Tiens, j'ai envie de râler un peu en ce moment.

Alors en attendant le gros énervement qui arrive, voici un petit grognement, plus fataliste que combattif.

Je vous invite à lire cet article du journal Le Monde (et ses 413 commentaires à cette heure) dans lequel un journaliste, marron comme dirait ma fille, relate ses galères quotidiennes à tendance discriminatoires au point de ne plus arriver à dire son prénom lorsqu'il se présente.

C'est assez tendancieux de publier un tel témoignage dans un quotidien mais ce témoignage est éloquent et fait certainement suite, d'une part à une douleur de trop, et certainement également aux déboires de Brice Hortefeux.

Il est toujours triste de constater que dans un pays qui se dit progressiste, tolérant, et mettant la liberté sur la plus haute marche des valeurs fondamentales, un véritable apartheid psychologique résiste en masse de manière souvent consciente et parfois inconsciente.

On aura beau me dire que le témoignage de cet homme est partial, ce qu'il dit, je le constate moi-même au quotidien. Insultes à caractères racistes pour un oui ou pour un non, regard qui en dit long, discriminations, la liste est longue.

Alors quand nos élites se laissent régulièrement aller aux petits mots qui font mal sur le soi-disant ton de la plaisanterie, je la trouve bien amère moi la plaisanterie.

Et cette élite représente une même diversité de pensée que le peuple qu'elle représente.
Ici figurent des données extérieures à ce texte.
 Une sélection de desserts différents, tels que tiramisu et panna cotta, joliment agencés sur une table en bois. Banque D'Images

Sur le même ton de la soi-disante plaisanterie, j'en entends des petites phrases assassines à tous les niveaux de notre belle société.
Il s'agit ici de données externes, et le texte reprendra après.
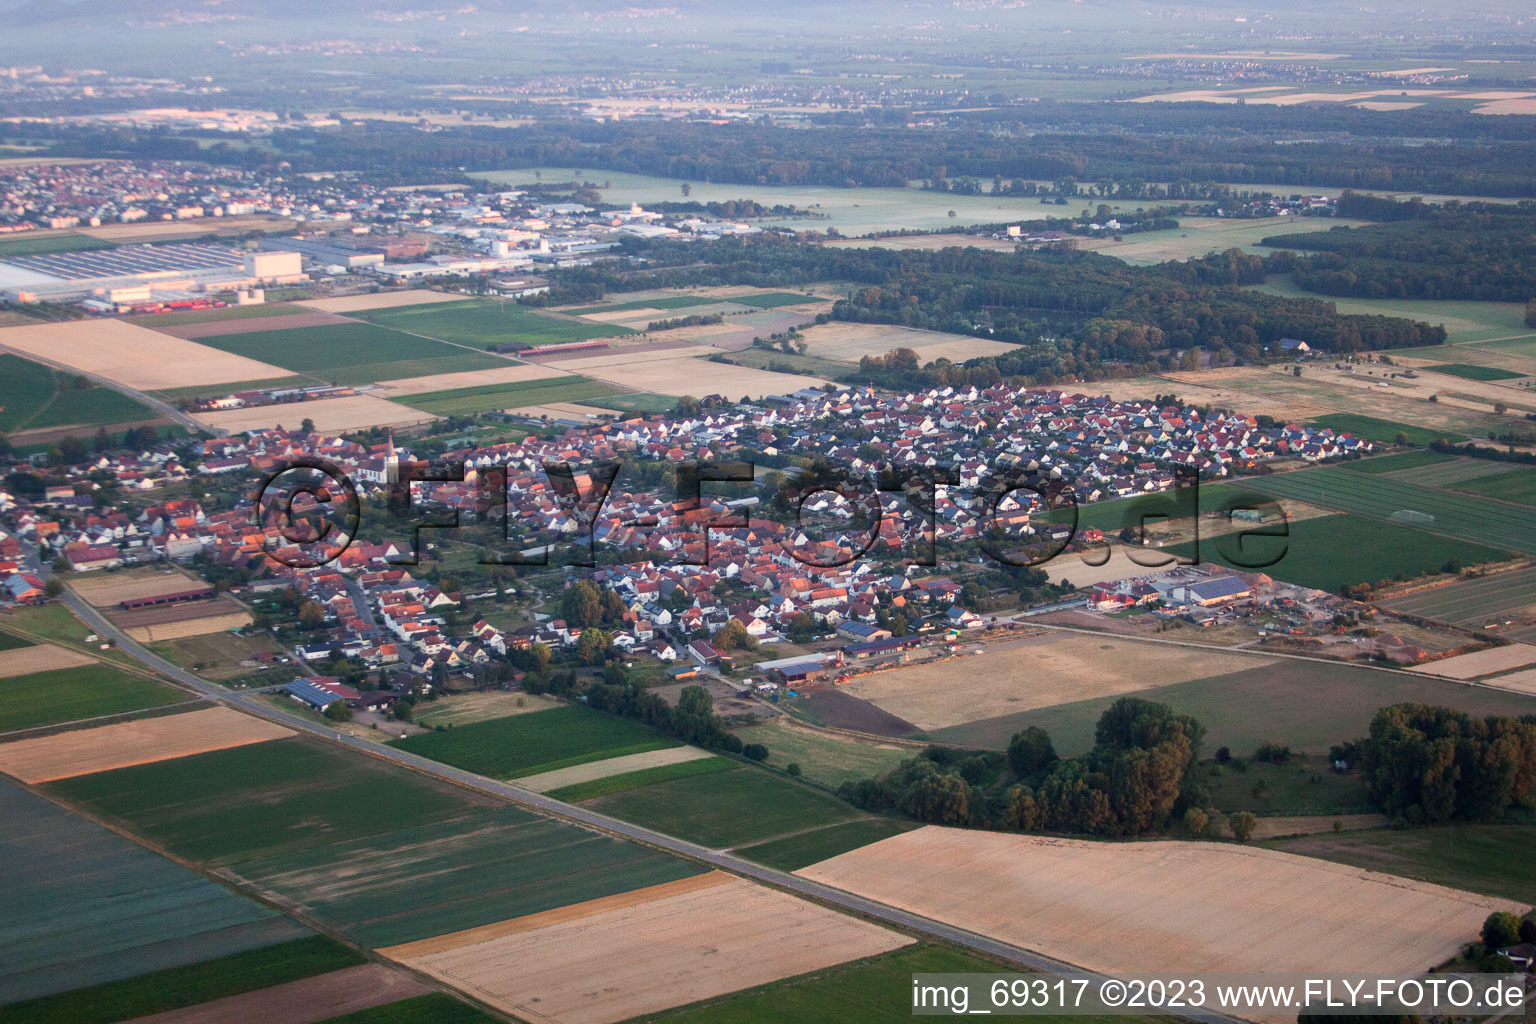 Ottersheim in Ottersheim bei Landau im Bundesland Rheinland-Pfalz, Deutschland von einer Drohne aus

Bien évidemment, je ne conteste pas les progrès du dernier demi siècle écoulé où de nombreux tabous sont tombés, où des sociétés entièrement tournés vers la xénophobie se sont écroulées, et où la tolérance et la mixité ont progressé. On se supporte tant bien que mal, et la plupart du temps cette mixité fonctionne génialement bien.

J'entends aussi les arguments qui me font bien rire jaune du style, oui, mais et chez eux hein, vous croyez qu'il n'y en a pas du racisme anti-blanc ? Alors bon, chez eux, c'est la France pour une grande partie. Et oui, la nationalité française ne dépend pas heureusement que de la couleur de peau mais plus simplement du fait d'être né sur le sol français à quelques nuances près. Et effectivement la xénophobie est omniprésente, je défie tout pays, toute communauté d'être totalement dénuée de xénophobie.

C'est bien ce qui me désespère. Pour autant que nous partagions tous une même origine, nos modes de vie, nos conditions géographiques, climatiques, et les flux migratoires étalés sur des millions d'années font que les six ou sept milliards d'être humains que nous sommes présentent des divergences physiques, religieuses et culturelles, des différences quoi. Et la peur et l'ignorance font que ces différences sont mal supportées. C'est bêtement humain. Il suffit d'observer un enfant, à priori assez épargné de la chose, à l'œuvre face à la différence. Étonné, mal à l'aise, il a tendance à fixer du regard. Il ne comprend pas, il s'interroge, et par défaut, il a plutôt tendance à éviter d'entrer en contact avec cet individu si différent. Tant de choses à expliquer.

Rien n'est simple en matière de xénophobie, tout est ancré au plus profond de nous. Si je mets de côté les caractères physiques, religieux ou culturels, j'ai moi-même une sorte de sélection naturelle des gens que j'ai envie d'approcher. Je ne me l'explique pas, quelque chose dans le comportement, dans la manière de s'exprimer, de penser, ça va assez vite. La différence, c'est que je suis capable de rester correct, d'échanger s'il le faut, je n'insulte personne, et ça ne va pas plus loin que ça. Incompatibilité d'humeur comme on dit.

Tolérance, respect, dialogue et humilité sont des vertus à cultiver.